For a $x\times y\times z$ cuboid, there are two choices:

  1. Fill the whole cuboid with all bricks with the same orientation. For each permutation $(a,b,c)$ of $(l, w, h)$ that fits (i.e. $a\le x$, $b\le y$, $c\le z$), we can place $\left\lfloor\frac{x}{a}\right\rfloor \left\lfloor\frac{y}{b}\right\rfloor \left\lfloor\frac{z}{c}\right\rfloor$ bricks. We denote the set of permutation $(a,b,c)$ that fits such bricks $o$, namely:

    $$ o=\{(a,b,c) : \text{permutation of } (l,w,h) \text{ with } a\le x,\; b\le y,\; c\le z\} $$
  2. Cut the cuboid into two smaller ones. E.g. cutting an $x\times y\times z$ cuboid at $x = i$ yields two smaller cuboids $i \times y \times z$ and $(x-i) \times y\times z$. We cut the cuboid from all the three directions $x, y$, and $z$.

$$ F(x,y,z) = \max\begin{cases} \lfloor\frac{x}{a}\rfloor \lfloor\frac{y}{b}\rfloor \lfloor\frac{z}{c}\rfloor & (a,b,c) \in o\\ F(i,y,z) + F(x - i, y, z) & 1 \le i < x\\ F(x,j,z) + F(x, y-j,z) & 1 \le j < y\\ F(x,y,k) + F(x, y, z - k) & 1 \le k < z \end{cases} $$

Time Complexity

$O(LWH(L+W+H))$

Why this is hard in general

Our exact problem packs many copies of a single rotatable brick. It’s tempting to call this NP-hard by pointing at 2-D rectangle packing (set $H = h = 1$), which is known to be NP-hard. But that argument doesn’t actually go through: the NP-hardness of 2-D packing relies on packing rectangles of many different sizes, whereas flattening our problem only ever produces copies of one congruent rectangle. The hard instances of general rectangle packing aren’t reachable as special cases of ours, so this reduction doesn’t establish hardness for the identical-brick problem.

So I’ll be careful about the claim: I don’t have a clean reduction proving the single-brick version is NP-hard, and it may well be easier than general packing. What I can say firmly is that the guillotine DP below solves a restricted version exactly and in polynomial time, and that no simple greedy rule is known to be exact for the unrestricted version. Whether the unrestricted single-brick problem is polynomial or NP-hard is a question I’m leaving open here rather than asserting.

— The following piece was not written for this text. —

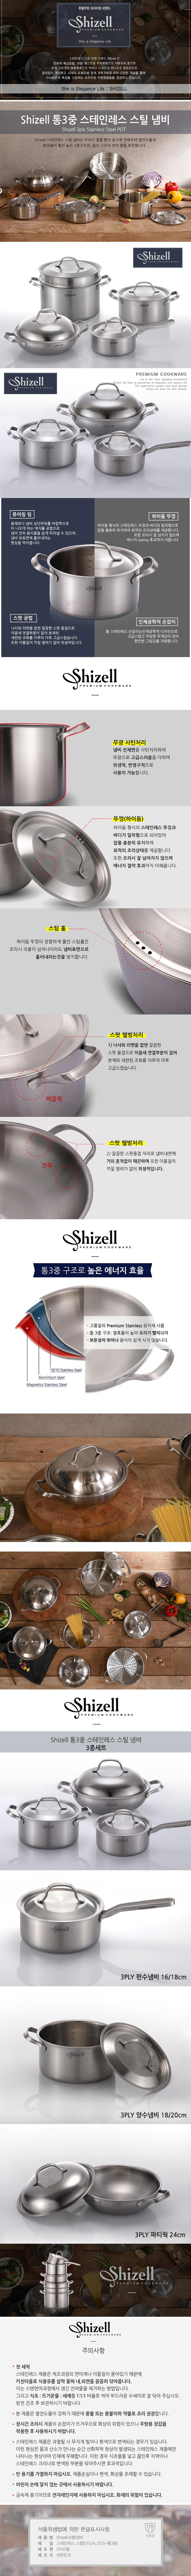 shizell%203PLYpot%203set%20thumb1.jpg
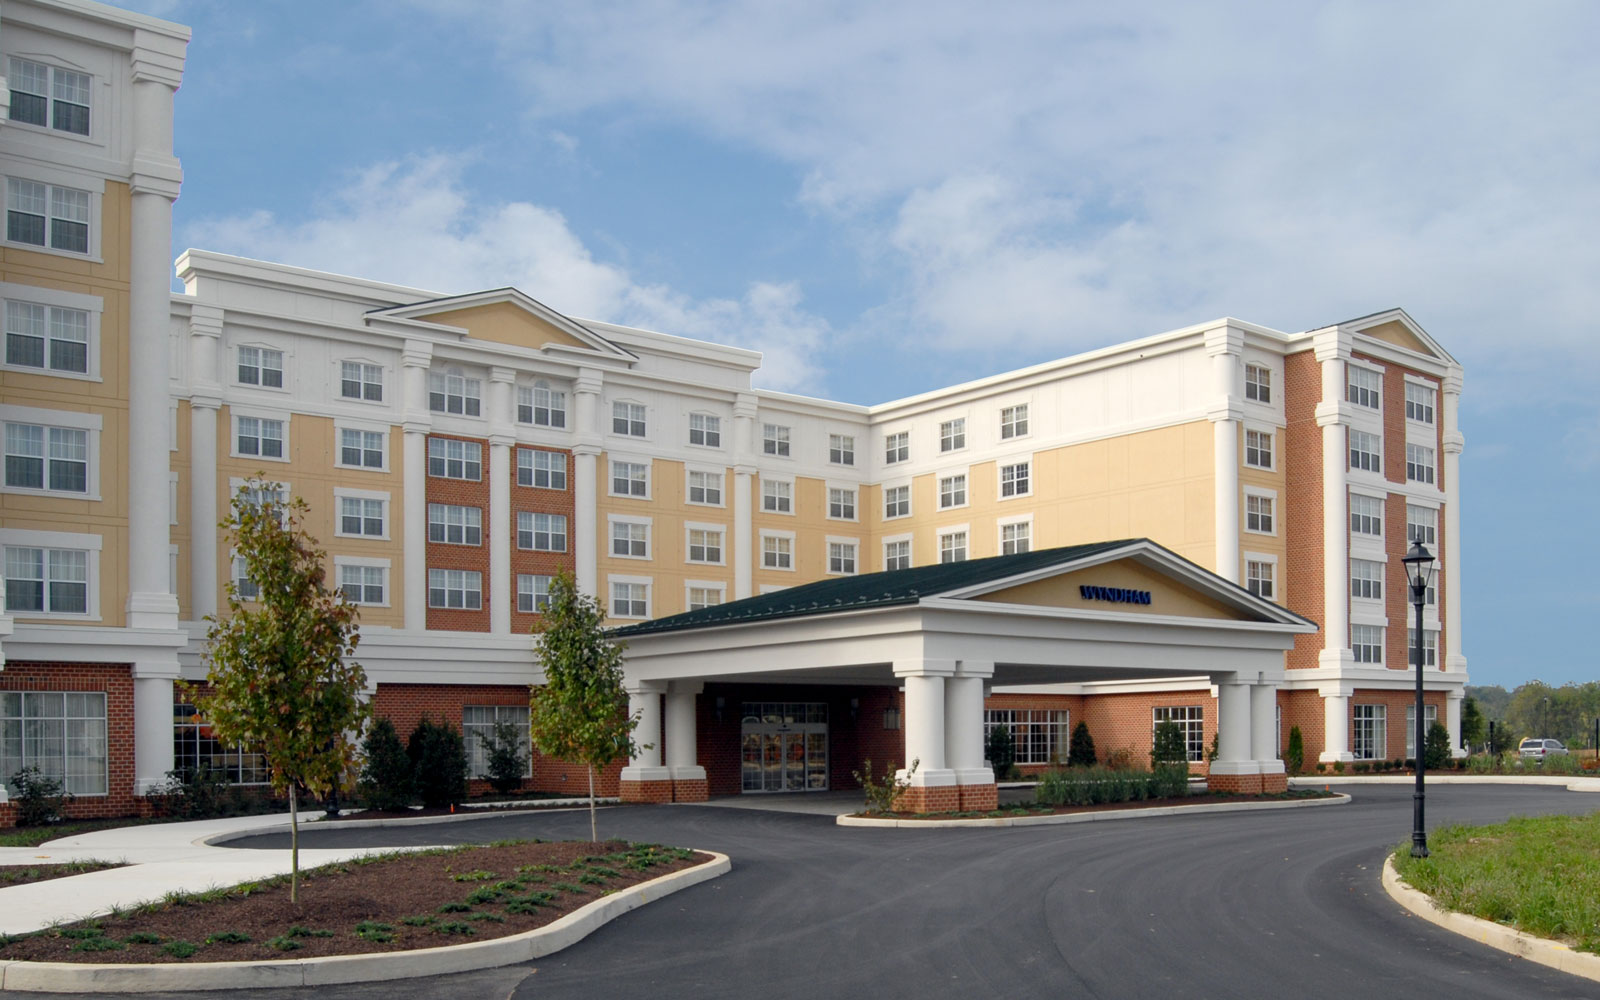 Gettysburg Pa Hotels Courtyard Marriott Wyndham

An exact method for the unrestricted version can’t rely on the guillotine shortcut, so it must search over genuine placements. That doesn’t mean naive brute force — ILP and CP-SAT solvers are exact and prune aggressively — but in the worst case the search space is exponential, and no polynomial-time exact algorithm is known.

Limitations

This DP only considers layouts that can be produced by recursive straight (“guillotine”) cuts. Some optimal packings interlock in ways no sequence of full-width cuts can reproduce, so the DP can occasionally undercount by a brick or two.

The reason to accept this isn’t NP-hardness directly — it’s a deliberate trade. Restricting to guillotine layouts is exactly what buys us polynomial time. We’re solving an easier, well-structured sub-problem on purpose, getting a fast and usually-optimal answer, and giving up the guarantee of exactness on interlocking cases. If you need the true optimum, you switch to an exponential search (backtracking or an ILP/CP formulation) and pay for it in runtime.